Потрясенный Фаусто потирал подбородок. Может, в юности ему и довелось повидать множество чудес со времен членства в Ордене Науки… Но увидеть подобное вдали от песков Великого Акифа он никак не ожидал…

Вцепившись в ворот измученного пирата, Витал предъявил его морякам и закричал:

– Я – ваш капитан, и я отвечаю за вас! Раньше я держал ответ перед Гильдией Мореходов, но ее больше нет! Теперь я отвечаю за ваши жизни перед вами, перед вашими женами, перед вашими семьями и близкими! Времена бушлатов кончены! Отныне моя бригада носит черный цвет свободы вместо прошлых гильдейских цветов!

Глухая сила его голоса рвалась наружу и перекрывала звуки прибоя.

– Этот бедолага только что показал, на что способны наши новые камзолы. С сего момента каждый пират бригады под флагами Венсана носит такие!

Проштрафившийся еле стоял на ногах. Витал встряхнул его и тихо проговорил:

– Больше не кради у своих. Это подло.
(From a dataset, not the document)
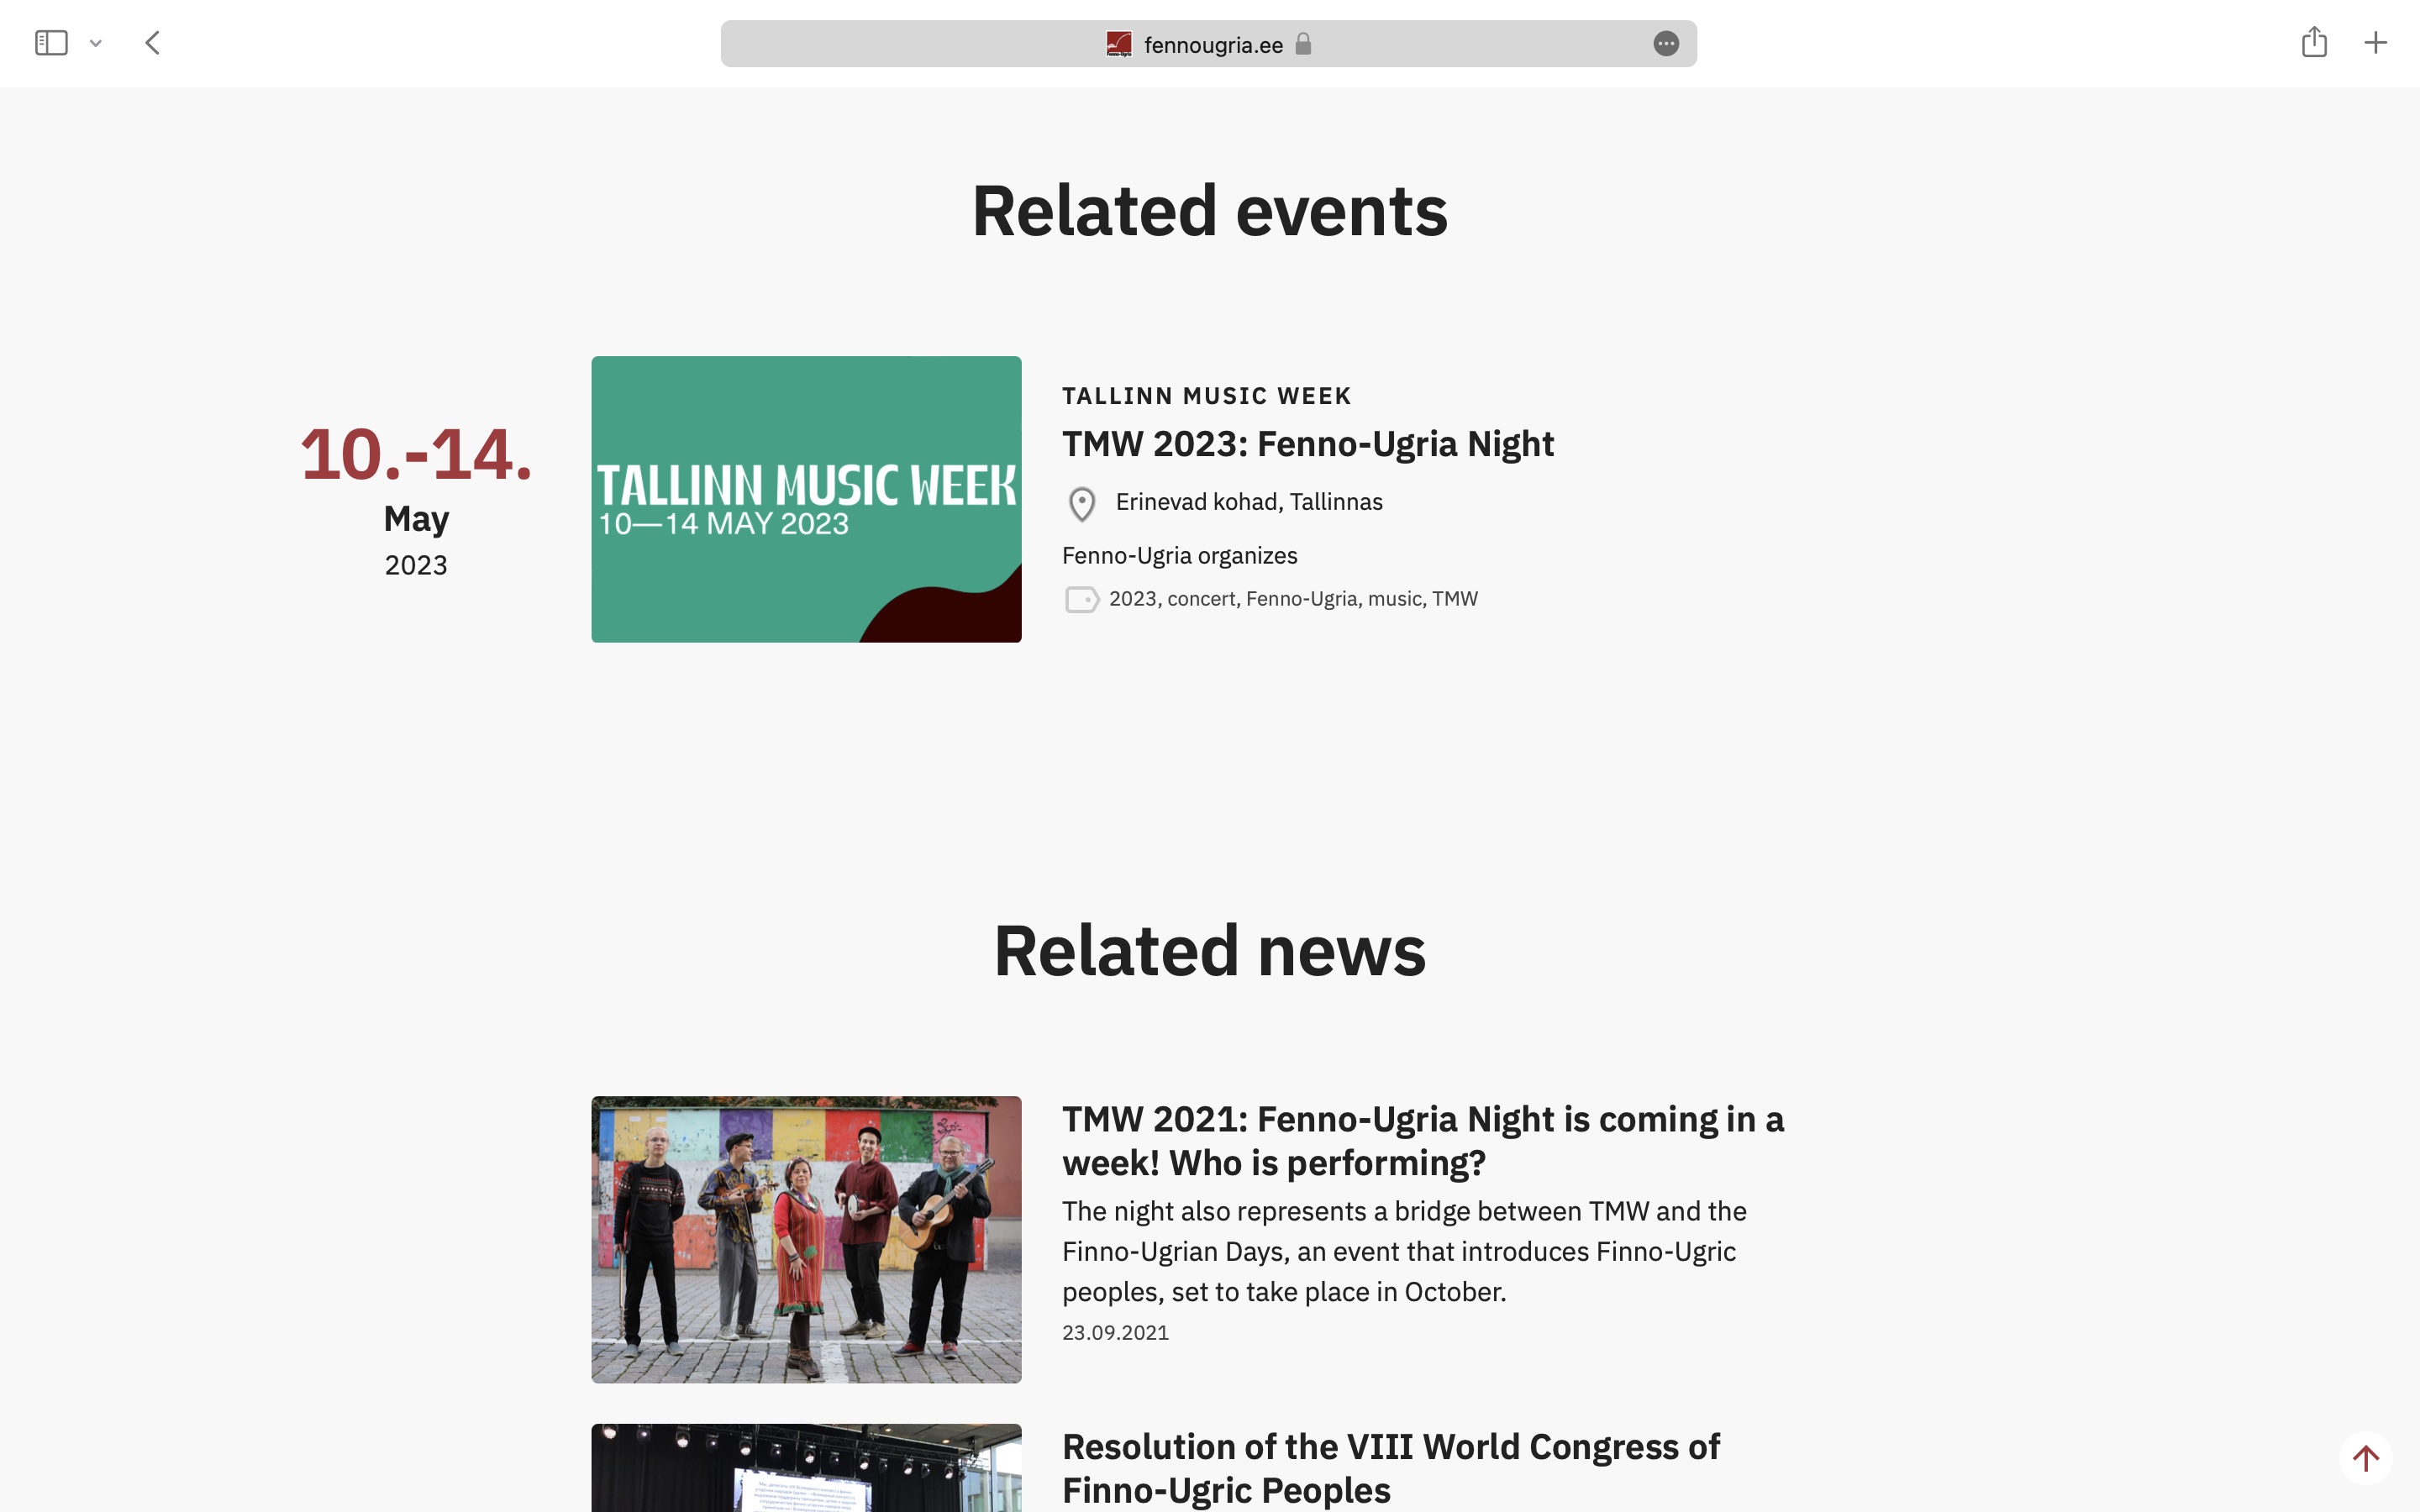 Related events and news

Запомни сегодняшнюю ночь – это ночь твоего второго рождения. Наполни смыслом свою новую жизнь, как когда-то сделал это и я.

И устало толкнул его в толпу моряков.

– Извольте убедиться воочию, как хороша наша новая броня!

Команда не знала, что и думать. К горлу Фаусто подступил ком. Витал ведь мог просто убить вора, но вместо этого великодушно употребил его на пользу всем…

И да, сшитое из неведомого материала черное одеяние выглядело жутко и непривычно безобразно, но после устроенного побоища ни дыр, ни проколов, ни мелких порезов на себе не имело.

Кто-то неуверенно сказал «ура», и его подхватили утонувшие в ночи голоса.

Только Витал и Фаусто знали, на какие чудеса при правильной выделке оказались способны кожи ската и арапаймы вместе с чешуей, усиленные легкой костью и тончайшими пластинками обсидиана…

***

Фаусто показалось, что за несколько минут в лазарете он весь провонялся едкими мазями.

Злость на бывшего вора, который не мигая, смотрел в стену, положив голову на смуглые руки, исполосованные сине-фиолетовыми кровоподтеками, практически испарилась. Его мокрые от пота рыжие волосенки распластались на мятой подушке. Подрагивающий кулак едва сжимал простынь, и в полумраке тени от складок отчего-то казались корнями неведомого дерева. Вид у крысеныша был самым жалким…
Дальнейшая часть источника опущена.